What is needed is a faithful copy of all the records.

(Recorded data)
-------
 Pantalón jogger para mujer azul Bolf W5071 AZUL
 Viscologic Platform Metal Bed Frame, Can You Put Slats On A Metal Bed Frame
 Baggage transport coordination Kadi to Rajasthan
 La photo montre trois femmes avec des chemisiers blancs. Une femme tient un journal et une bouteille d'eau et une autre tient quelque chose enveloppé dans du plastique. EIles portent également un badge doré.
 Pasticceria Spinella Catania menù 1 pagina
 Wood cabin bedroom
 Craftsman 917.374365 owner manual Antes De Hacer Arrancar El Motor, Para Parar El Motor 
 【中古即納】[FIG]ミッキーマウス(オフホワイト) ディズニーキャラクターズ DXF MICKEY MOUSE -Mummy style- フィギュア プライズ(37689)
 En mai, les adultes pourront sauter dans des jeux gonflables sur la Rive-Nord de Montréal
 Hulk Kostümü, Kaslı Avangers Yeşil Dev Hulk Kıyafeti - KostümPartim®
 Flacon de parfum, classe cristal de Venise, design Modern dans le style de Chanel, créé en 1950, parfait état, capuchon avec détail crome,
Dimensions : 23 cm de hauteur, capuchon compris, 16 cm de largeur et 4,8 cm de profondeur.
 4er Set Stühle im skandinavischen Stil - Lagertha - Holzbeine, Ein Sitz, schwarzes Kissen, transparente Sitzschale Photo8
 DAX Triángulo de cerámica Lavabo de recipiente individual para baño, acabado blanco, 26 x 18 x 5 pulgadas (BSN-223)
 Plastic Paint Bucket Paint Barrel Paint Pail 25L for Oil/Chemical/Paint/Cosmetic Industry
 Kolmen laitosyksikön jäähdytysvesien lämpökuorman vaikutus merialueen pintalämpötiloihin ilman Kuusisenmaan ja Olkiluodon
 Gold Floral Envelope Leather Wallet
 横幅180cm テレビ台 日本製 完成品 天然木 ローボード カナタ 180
-------
**The answer**
 Pantalón jogger para mujer azul Bolf W5071 AZUL
 Viscologic Platform Metal Bed Frame, Can You Put Slats On A Metal Bed Frame
 Baggage transport coordination Kadi to Rajasthan
 La photo montre trois femmes avec des chemisiers blancs. Une femme tient un journal et une bouteille d'eau et une autre tient quelque chose enveloppé dans du plastique. EIles portent également un badge doré.
 Pasticceria Spinella Catania menù 1 pagina
 Wood cabin bedroom
 Craftsman 917.374365 owner manual Antes De Hacer Arrancar El Motor, Para Parar El Motor 
 【中古即納】[FIG]ミッキーマウス(オフホワイト) ディズニーキャラクターズ DXF MICKEY MOUSE -Mummy style- フィギュア プライズ(37689)
 En mai, les adultes pourront sauter dans des jeux gonflables sur la Rive-Nord de Montréal
 Hulk Kostümü, Kaslı Avangers Yeşil Dev Hulk Kıyafeti - KostümPartim®
 Flacon de parfum, classe cristal de Venise, design Modern dans le style de Chanel, créé en 1950, parfait état, capuchon avec détail crome,
Dimensions : 23 cm de hauteur, capuchon compris, 16 cm de largeur et 4,8 cm de profondeur.
 4er Set Stühle im skandinavischen Stil - Lagertha - Holzbeine, Ein Sitz, schwarzes Kissen, transparente Sitzschale Photo8
 DAX Triángulo de cerámica Lavabo de recipiente individual para baño, acabado blanco, 26 x 18 x 5 pulgadas (BSN-223)
 Plastic Paint Bucket Paint Barrel Paint Pail 25L for Oil/Chemical/Paint/Cosmetic Industry
 Kolmen laitosyksikön jäähdytysvesien lämpökuorman vaikutus merialueen pintalämpötiloihin ilman Kuusisenmaan ja Olkiluodon
 Gold Floral Envelope Leather Wallet
 横幅180cm テレビ台 日本製 完成品 天然木 ローボード カナタ 180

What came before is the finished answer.